E4C 02.02.2019 - The new process confers environmental benefits by eliminating waste, and economic benefits by reducing the need to buy new acids and other materials.

Stainless steel production can be dirty. Worldwide, the process generates hundreds of thousands of liters of industrial sludge every hour. All that waste has a cost, both as an environmental toll on the natural world and an economic one on the steel industry. But it doesn’t have to be that way. A new treatment process promises to clean up the waste, convert much of it into usable products and save the expense of buying consumable materials.

“The technology has the potential to remove all the waste generated in the stainless steel industry, since we can create a closed loop of materials,” says Fabian Storek, Founder and Managing Partner at Sustainable Technology Solutions (SUSTEC), the startup developing the process. “The waste is turned into resources.”

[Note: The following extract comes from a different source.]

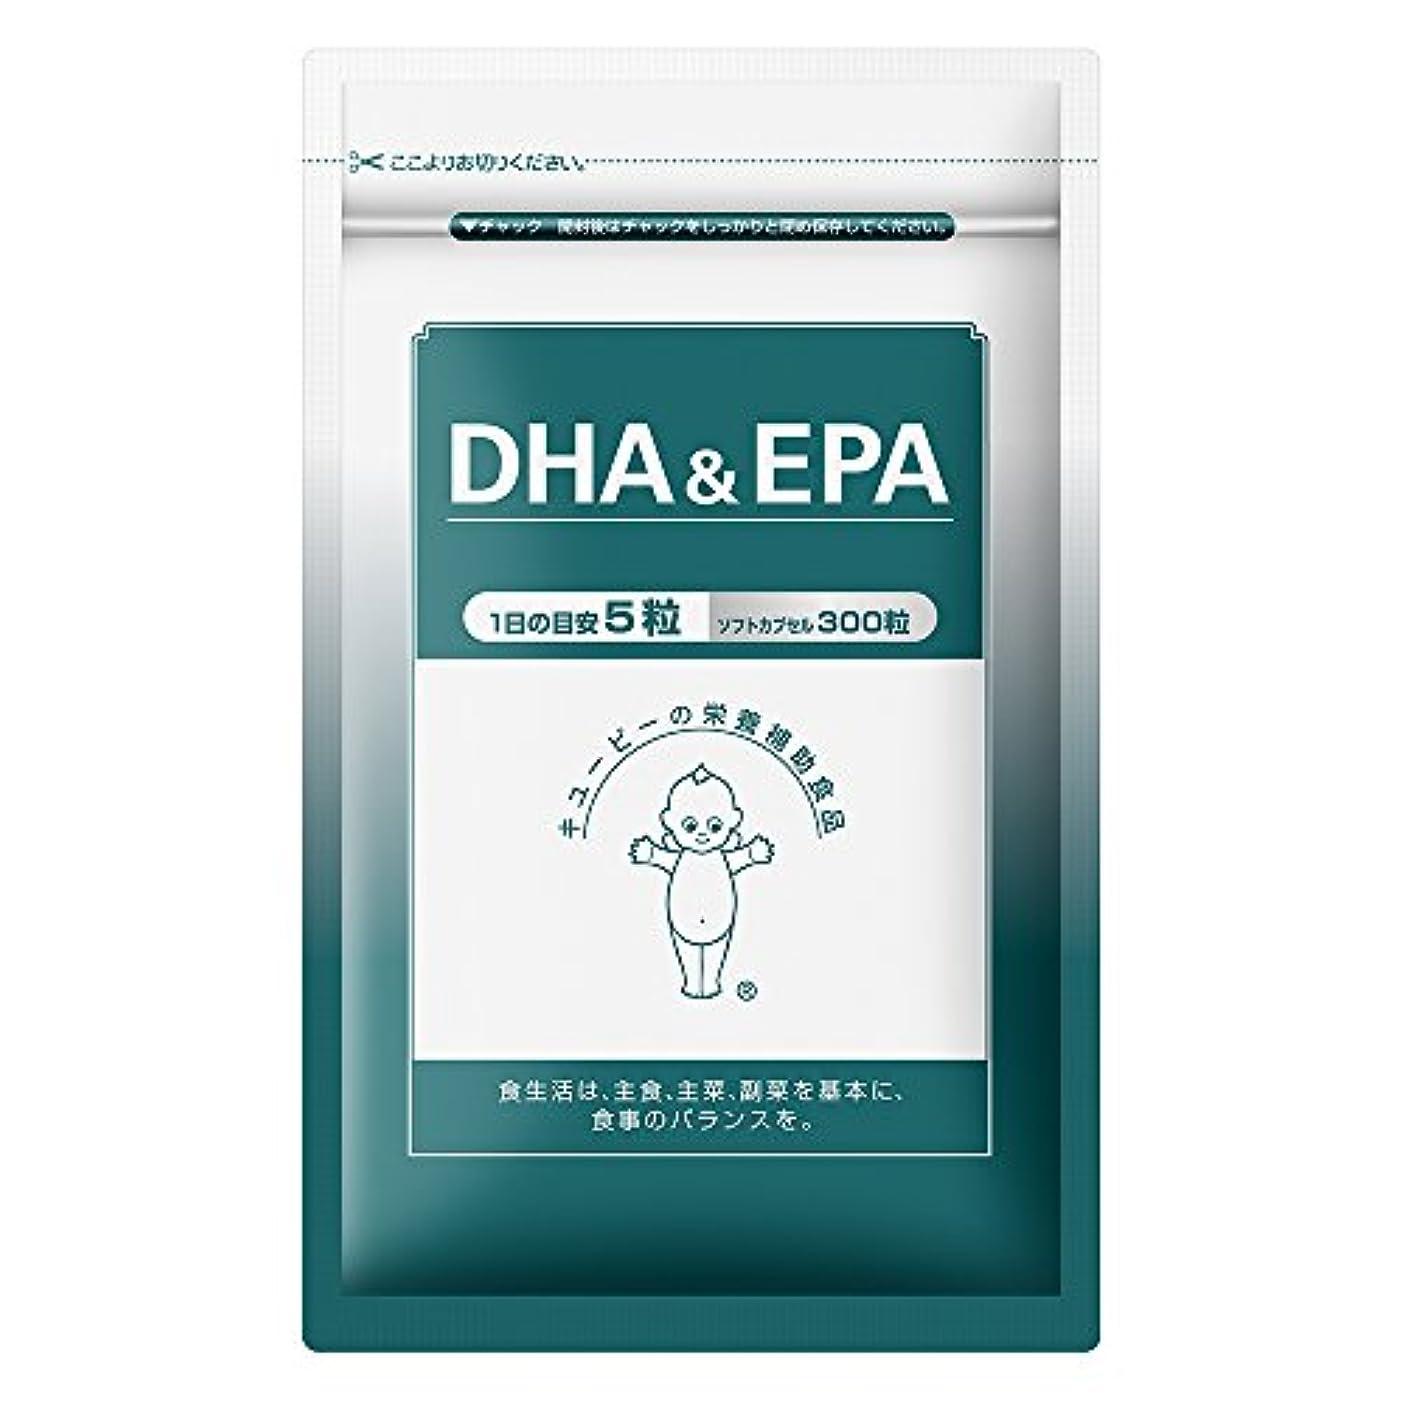 熱狂的な不和オークキユーピー DHA&EPA 60日分

First, let’s take a look at the problem. At several stages during its production, steel is heated to high temperatures. It is heated and slowly cooled in a process called annealing, and it is milled in a process called hot rolling. That heat takes a toll on the surface of the steel. The process oxidizes the outermost layer and saps chromium, one of the metals in the steel alloy, out of the layer just below the oxidized crust. Steel with only a little chromium is vulnerable to rust. Chromium is part of what makes stainless steel stainless. Since only a thin layer of the milled steel is depleted, the next step is to remove the oxidized layer and that thin layer sapped of its chromium.

The process is called pickling, and, like the jar of salty cucumbers in the fridge, it requires a bath in strong liquid. In the case of steel, the liquid is a mixture of two acids, nitric and hydrofluoric. After they dissolve the unwanted layers from the steel, the acids are siphoned off and mixed with a neutralizing agent to make them safer to handle. The resulting sludge is then treated on site or shipped to an industrial waste treatment plant. To give an idea of the scale of the waste, the global steel industry uses 300,000 liters of acid every hour.

SUSTEC is developing a cleaner method to handle the pickling acids. The venture is reluctant to release details while putting finishing touches on its first pilot plant, expected to begin operating and testing in early 2019. A general description is available, however. SUSTEC calls its process REGMAX, and it aims to recover waste acid, reuse some and transform some into valuable metal oxides.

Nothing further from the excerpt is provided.